Work task: Every line from the one containing "Matière : lavastone" to the end of the listing below should be transcribed exactly, and no line outside that span should appear.

Provided material:
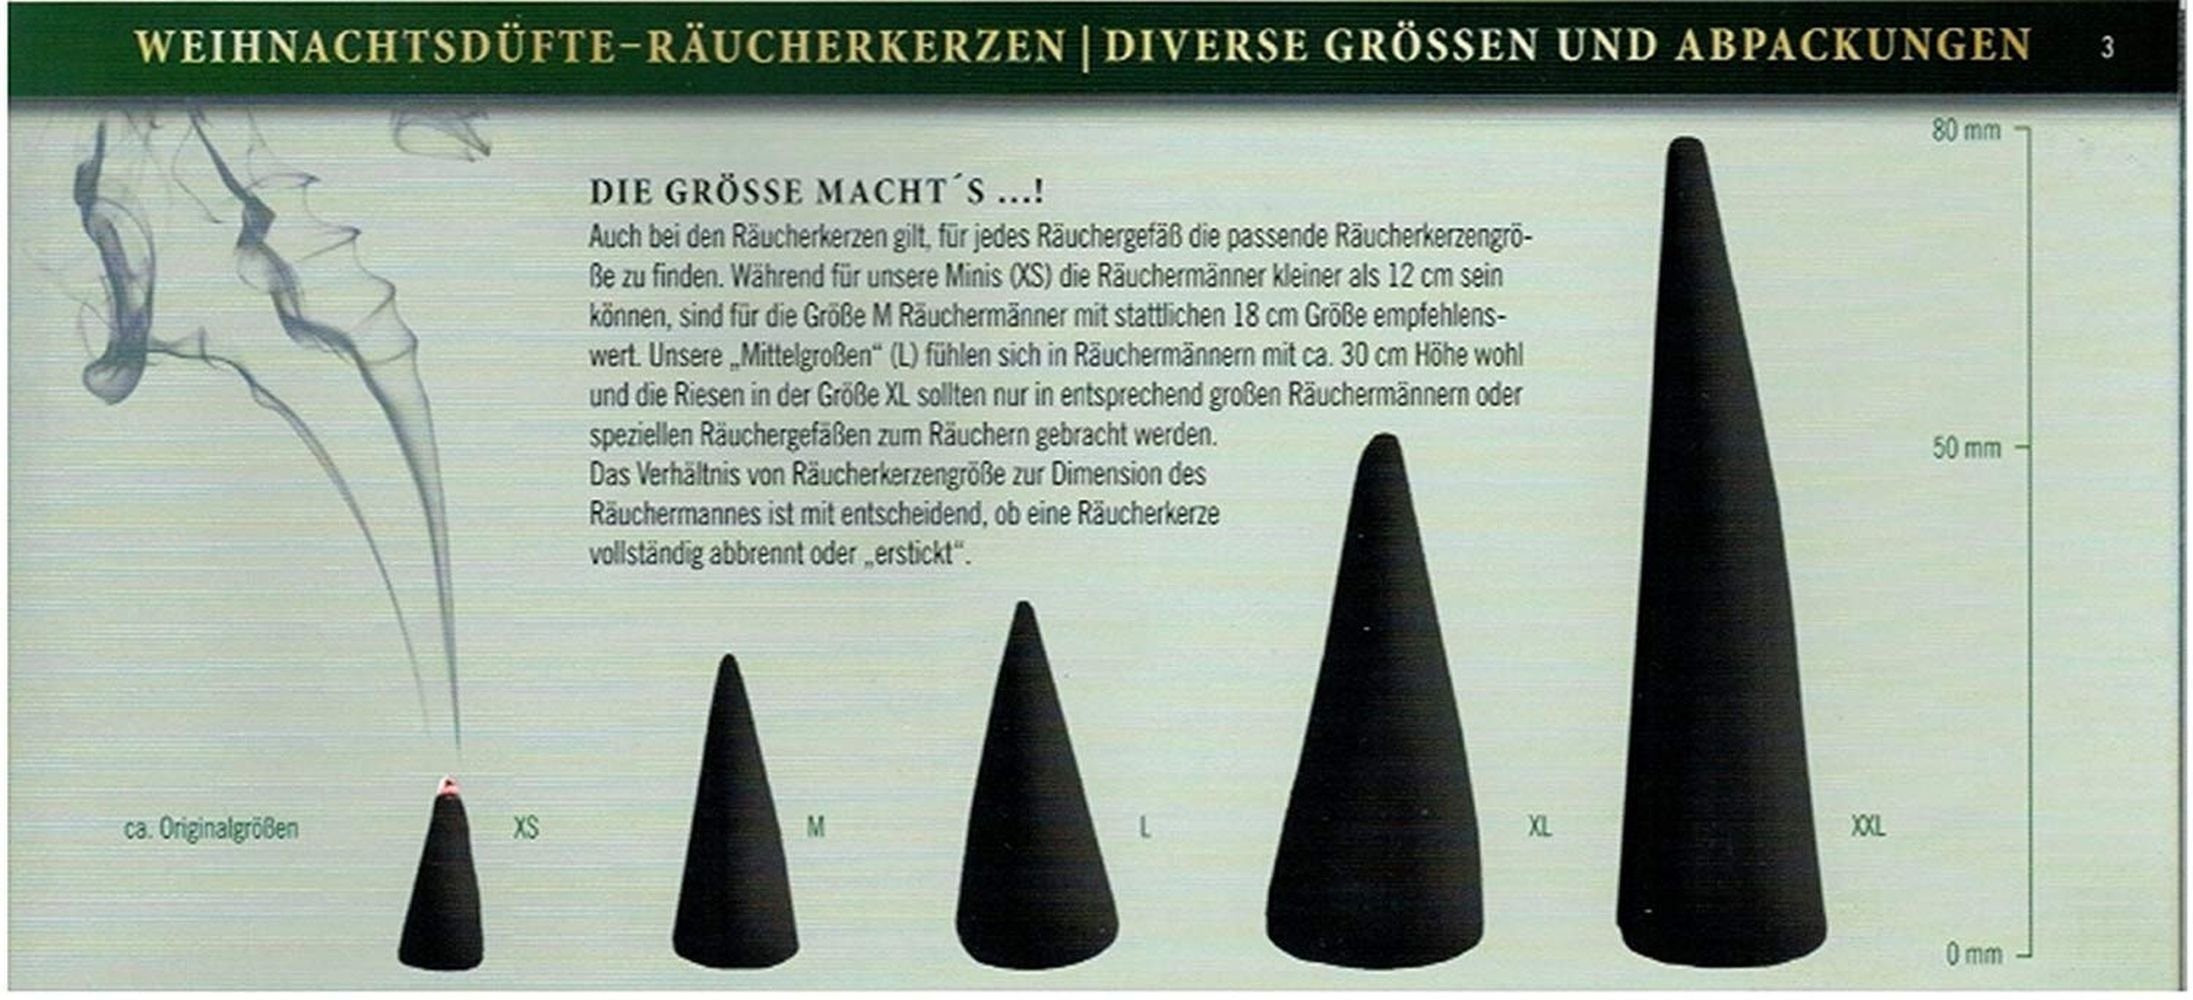 Crottendorfer Räuchermännchen Päckchen XXL - 20er Packung - Riesen Weihrauch 6
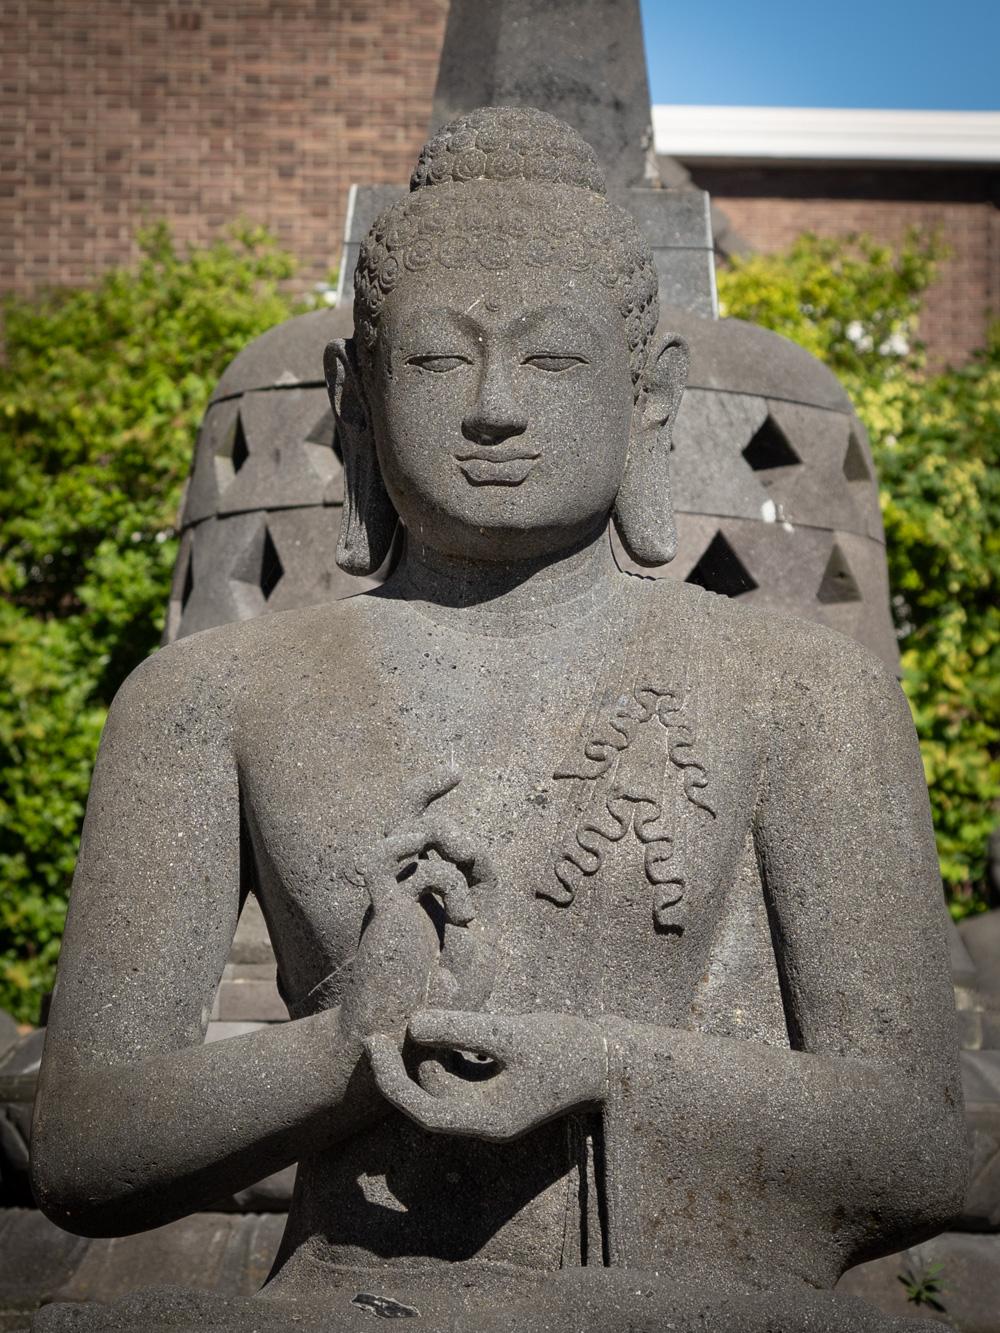 Grande statue de Bouddha en lavastone
Matière : lavastone
117 cm de haut
93 cm de large et 67 cm de profondeur
Poids estimé : +/- 350 kg
Dharmachakra mudra
Nouvellement sculptée à la main à partir d'un seul bloc de lavastone
Peut être expédié dans

Answer:
Matière : lavastone
117 cm de haut
93 cm de large et 67 cm de profondeur
Poids estimé : +/- 350 kg
Dharmachakra mudra
Nouvellement sculptée à la main à partir d'un seul bloc de lavastone
Peut être expédié dans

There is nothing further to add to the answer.